*Working data*:

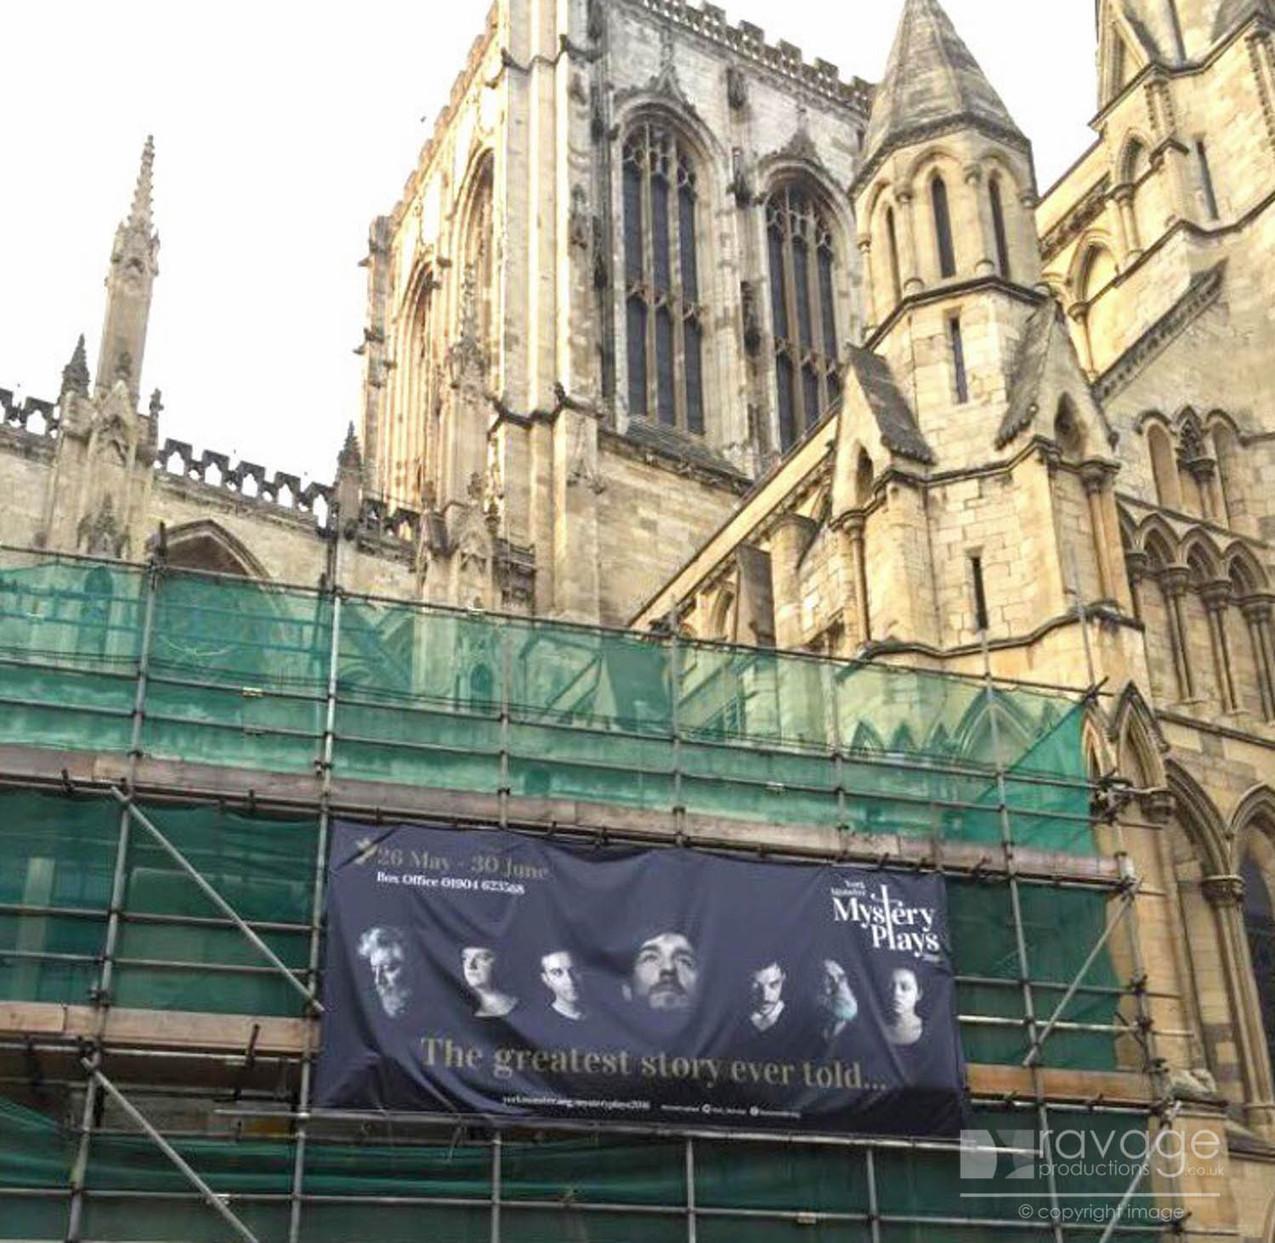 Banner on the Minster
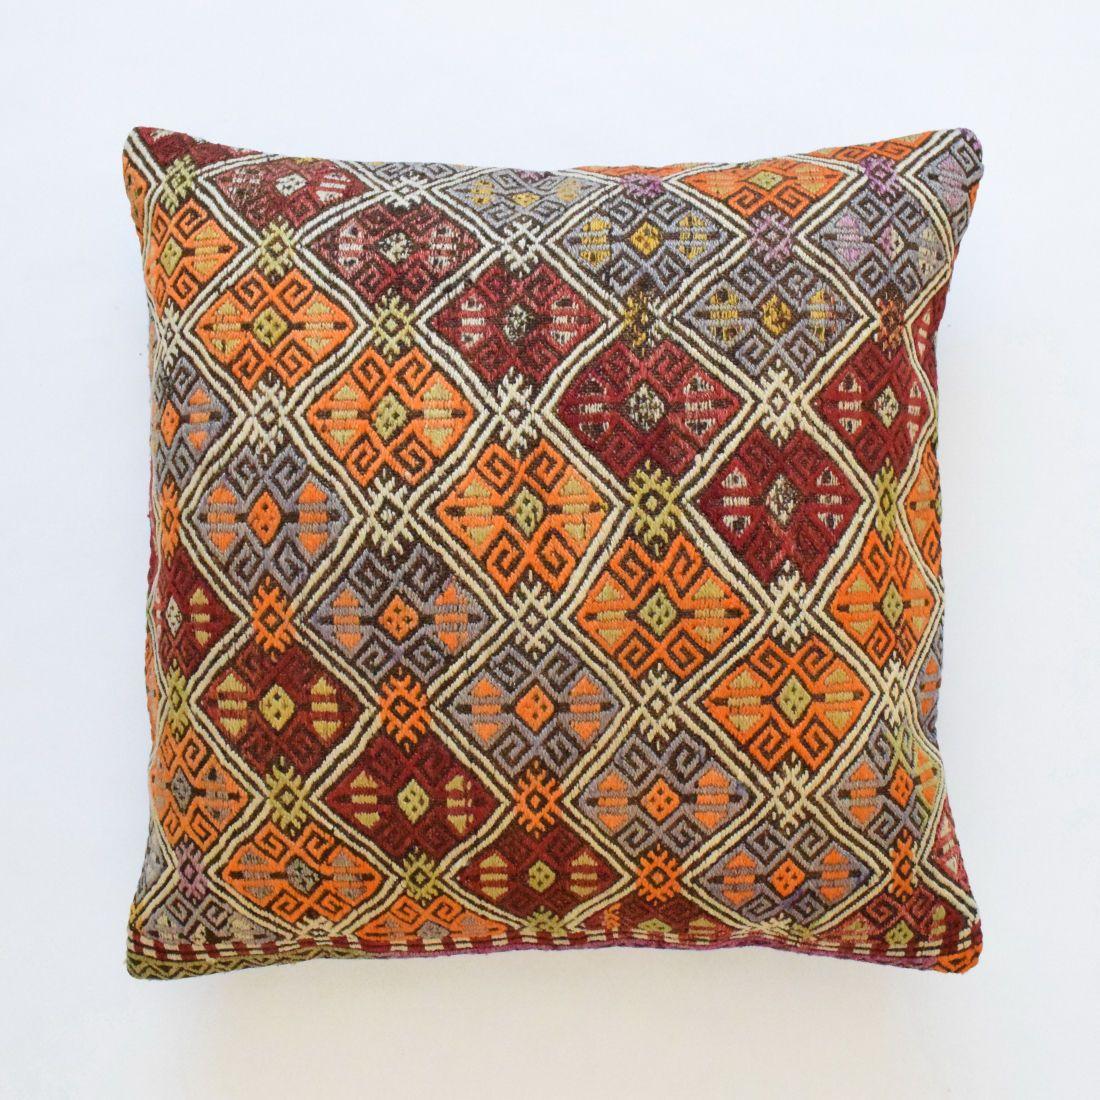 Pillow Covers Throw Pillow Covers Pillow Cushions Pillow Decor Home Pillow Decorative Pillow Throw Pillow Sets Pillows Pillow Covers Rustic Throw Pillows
--
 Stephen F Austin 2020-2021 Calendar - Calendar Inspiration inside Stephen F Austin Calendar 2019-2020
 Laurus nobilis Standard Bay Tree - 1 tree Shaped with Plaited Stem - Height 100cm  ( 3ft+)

*Work to be completed*:
Reproduce, word for word, everything in the listing above from the line containing "Banner on the Minster" down to the line containing "Pillow Covers Throw", both of them included. No pictures.

*Solution*:
 Banner on the Minster
 Pillow Covers Throw Pillow Covers Pillow Cushions Pillow Decor Home Pillow Decorative Pillow Throw Pillow Sets Pillows Pillow Covers Rustic Throw Pillows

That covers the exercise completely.